Michigan Lake Shore Railroad

Overview
- Locale: Michigan, United States
- Dates of operation: 1869–1878
- Predecessor: Allegan and Holland Railroad, Muskegon and Ferrysburg Railroad
- Successor: Grand Haven Railroad (1878–1881), Chicago and West Michigan Railroad (1881)

Technical
- Length: 57.5 miles (92.5 km)

= Michigan Lake Shore Railroad =

Railroad in Michigan

The Michigan Lake Shore Railroad (MLS) is a defunct railroad company which operated in the state of Michigan between 1869 and 1878 and was known as the Grand Haven Railroad until 1881.

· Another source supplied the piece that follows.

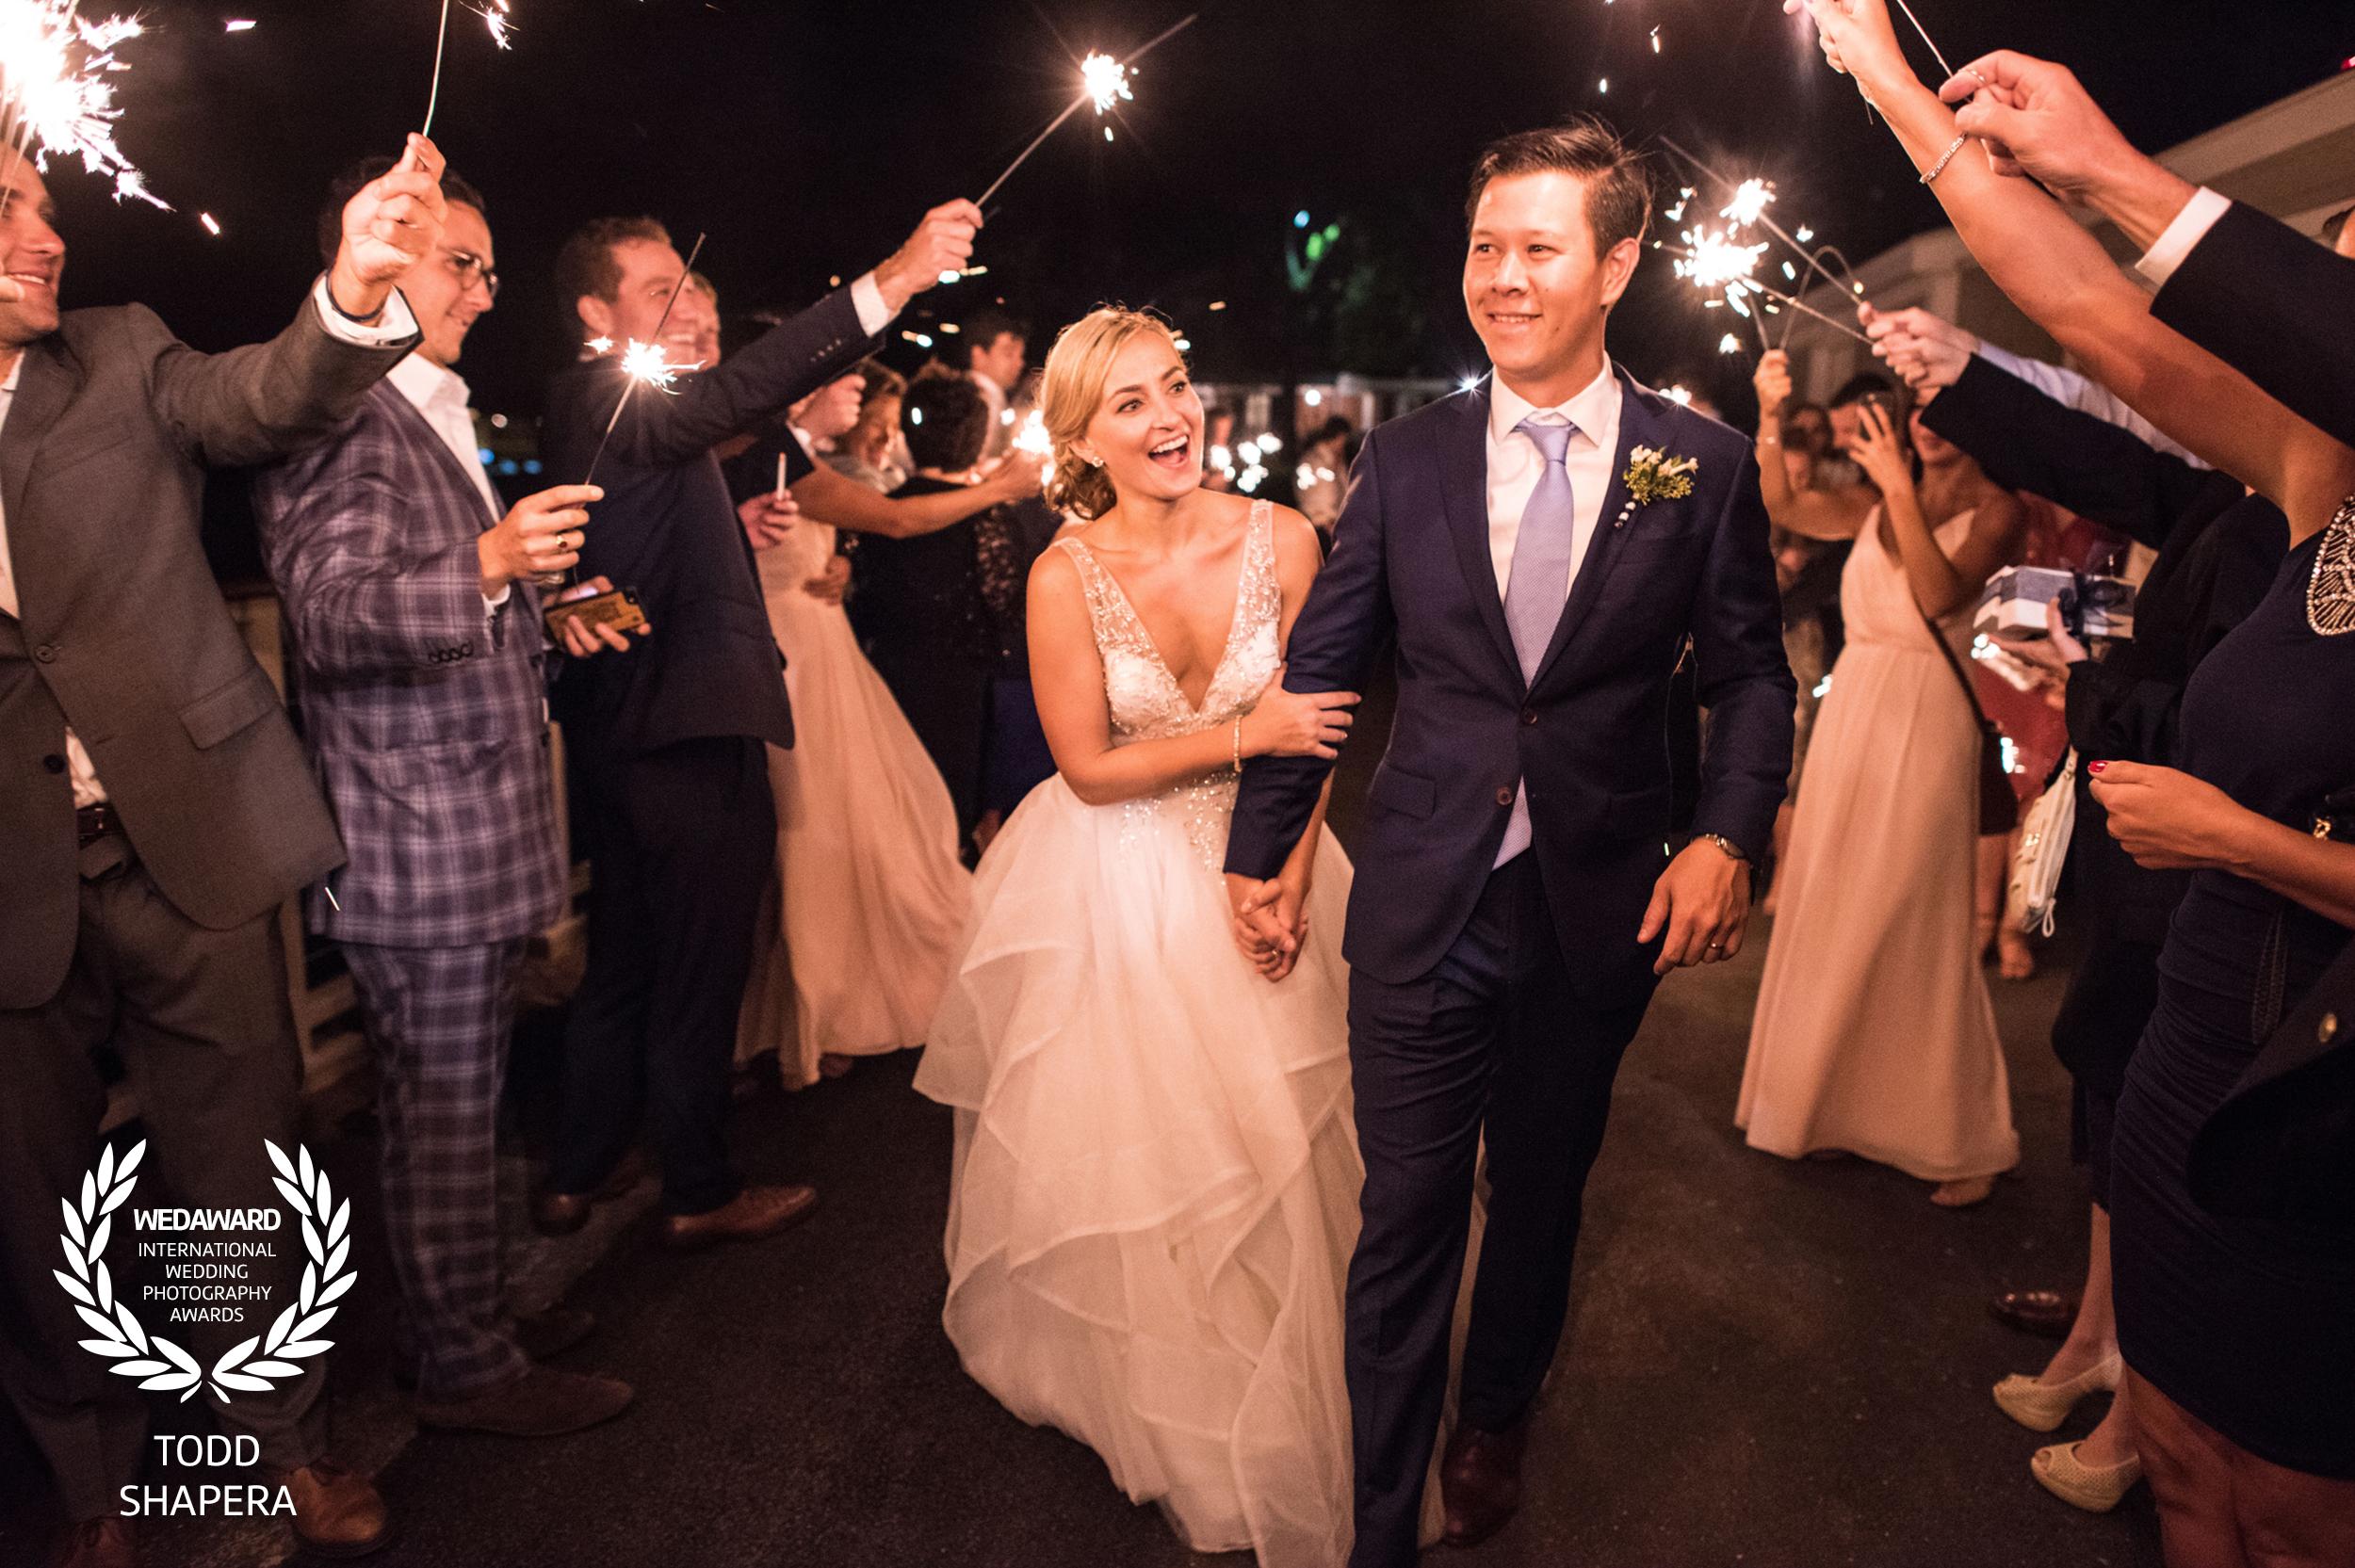 Wedding Reception - Newlywed's Sparkler Send Off

The MLS was formed on October 13, 1869, by the consolidation of the Allegan and Holland Railroad and the Muskegon and Ferrysburg Railroad. The A&H was organized on July 29, 1868; the M&F on January 22, 1869. By July 1, 1870, a 57.5 mi line which linked Allegan to Muskegon on the coast of Lake Michigan finished construction.

The company carried mostly lumber and had difficulty turning a profit; in 1872 it entered receivership. On October 1, 1878, it was reorganized as the Grand Haven Railroad, which operated the road for another three years until it was consolidated into the Chicago and West Michigan Railroad.